The Bisnovat (later Molniya then Vympel) R-40 (NATO reporting name AA-6 'Acrid') is a long-range air-to-air missile developed in the 1960s by the Soviet Union specifically for the MiG-25P interceptor, but can also be carried by the later MiG-31. It is the largest air-to-air missile in the world ever to go into production.

Development
The development of the Mach 3+ North American XB-70 Valkyrie threatened to make the entire interceptor and missile force of the Voyska PVO obsolete at one stroke, thanks to its incredible speed and altitude performance. In order to counter this new threat, the MiG-25 was designed, but new air-to-air missiles were also required to enable the MiG-25 to engage its intended targets at the high speeds and altitudes dictated by the requirements. The Bisnovat design bureau began development of the long-range air-to-air missile in 1962. The resulting R-40 was initially matched with the Smerch-A ("Tornado-A") radar of the MiG-25. It has built in semi-active radar homing (R-40R), with an inverse monopulse seeker which give the missile ability to engage targets in all-aspects and infrared homing (R-40T) versions.

To guarantee a kill at such high speeds in thin air, a large warhead was needed to have a sufficient blast effect. Large control fins were required to give the missile enough maneuverability at high altitude. All this necessitated a very large missile; as a result, the R-40 is the largest air-to-air missile ever to enter production. It is slightly larger than the MIM-23 Hawk surface-to-air missile.

Following the defection of Soviet Air Defense Forces pilot Viktor Belenko in 1976 and the compromising of the MiG-25P's systems and the associated R-40s, Vympel developed an improved version of the missile with a better infrared countermeasures (IRCM) resistance and more sensitive seekers. The upgraded missiles were designated with the suffix -D (for 'dorabotannye', "finalized"). Later -D1 versions were also developed.

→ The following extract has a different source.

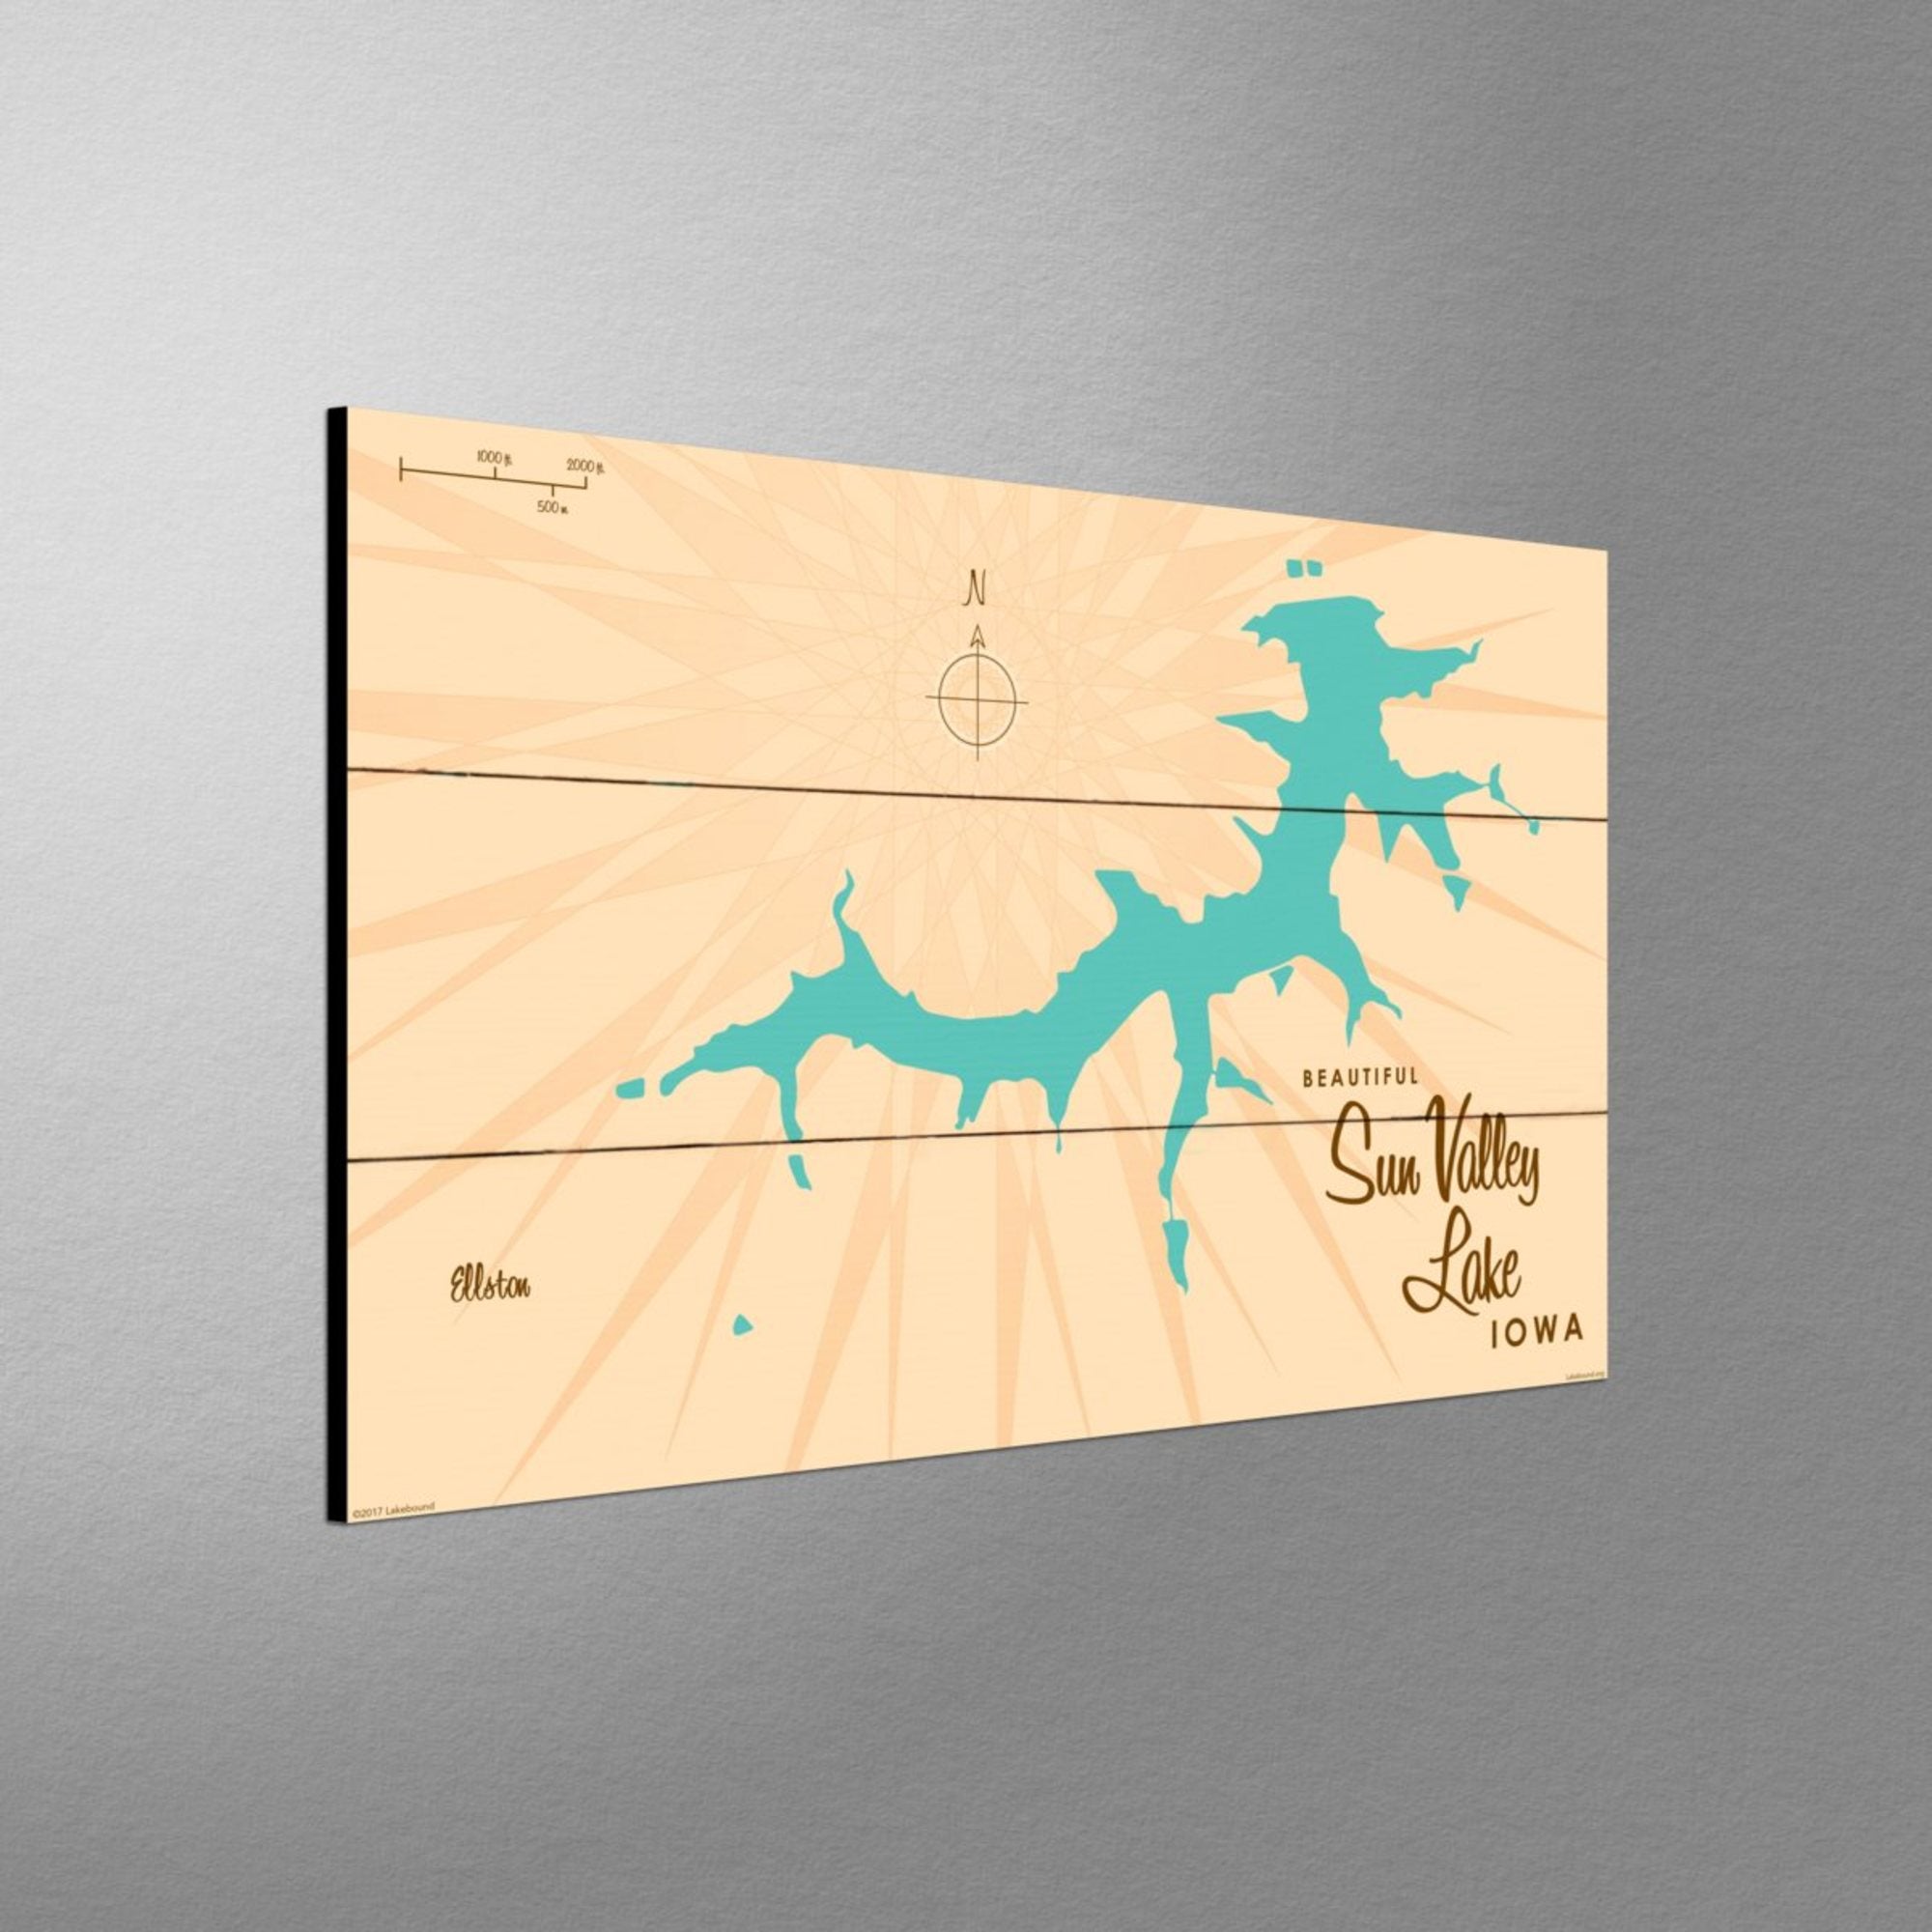 Sun Valley Lake Iowa, Wood Sign Map Art

Production of the R-40 ended in 1991, but it remains in limited service arming surviving MiG-25 and some MiG-31 interceptors.

Combat history
In Soviet service, the R-40 was never fired in anger. Standard PVO procedure was to fire a two-missile salvo at a target: one heat-seeking R-40T missile followed by a SARH R-40R, to avoid the possibility of the heat-seeking missile locking-on to the radar-guided missile.

As the MiG-25 has been exported to various states in the Middle East, the R-40 has been used in combat by Iraq and probably by Syria and Libya. 

During the Persian gulf war of 1991 on the first night, a McDonnell Douglas F/A-18 Hornet of US Navy piloted by Scott Speicher of VFA-81 was shot down by an R-40 missile fired by an IQAF MiG-25 piloted by Zuhair Dawood. 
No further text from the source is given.